My doctor saw my anxious reaction as he provided more details about my diagnosis and tried to assuage my fears by telling me that the famed movie Love Story, where the main character tragically dies of an undisclosed terminal blood disease, gave all blood cancers a scary, fatal prospect.
This anecdote did not soften the blow, but I appreciated the doctor’s attempt to inform me that blood-related cancers are significantly more survivable today.
While my doctor tried to assure me that it was possible to live an expected lifespan, he was also blunt, telling me there are no cures or remission with an MPN. There is also the risk that an MPN diagnosis might progress to other cancers, particularly acute myeloid leukemia. Unfortunately, doctors do not know why MPNs transform into something more severe in some patients but not in others.
Treatment options depend on your specific MPN and the severity of the symptoms. My current cocktail consists of a low-dose aspirin and a tolerated, but not without its drawbacks, chemotherapy drug to reduce cell growth rate.

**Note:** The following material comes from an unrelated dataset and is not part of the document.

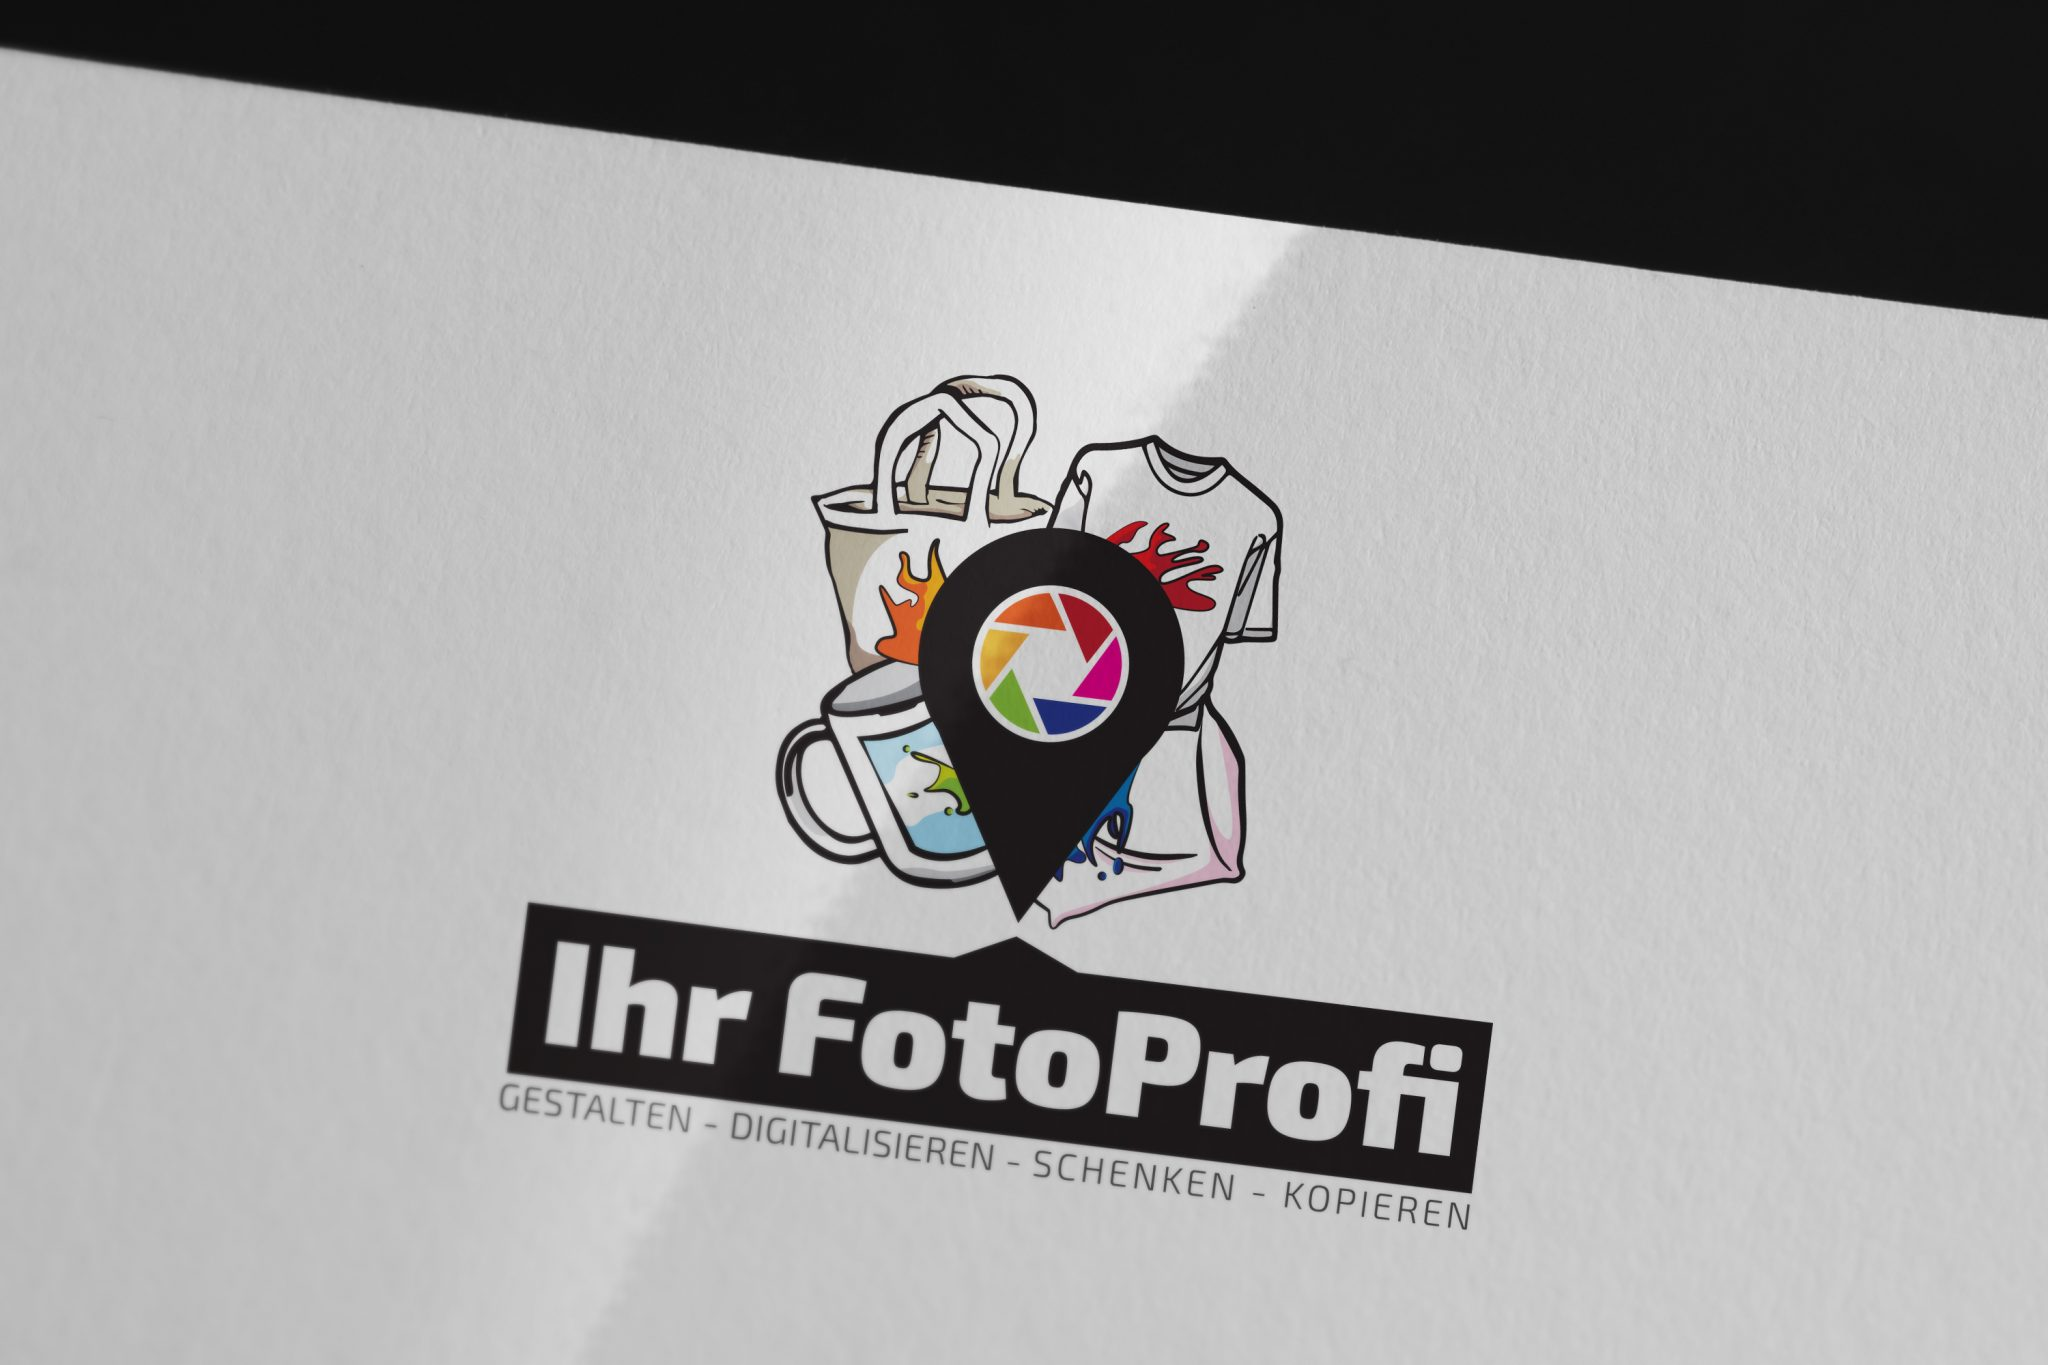 Logo Ihr FotoProfi

As I absorb all the data on MPNs, I hope my story reminds everyone, especially women of a certain age, to prioritize their well-being and insist on annual check-ups, which can identify and treat health issues before they worsen.
In the meantime, I hope we continue to advocate for better recognition of these rare conditions and diseases and keep working together, pushing for easier access to a family physician, equitable healthcare services, more diagnostic tools, clinical trials, and ongoing vital research.
A global effort to expedite rare disease treatments and, ultimately to discover a cure would be the kind of movie ending I would happily endorse!
Wendy Reichental is currently enjoying her second act as a registered reflexology therapist in Montreal.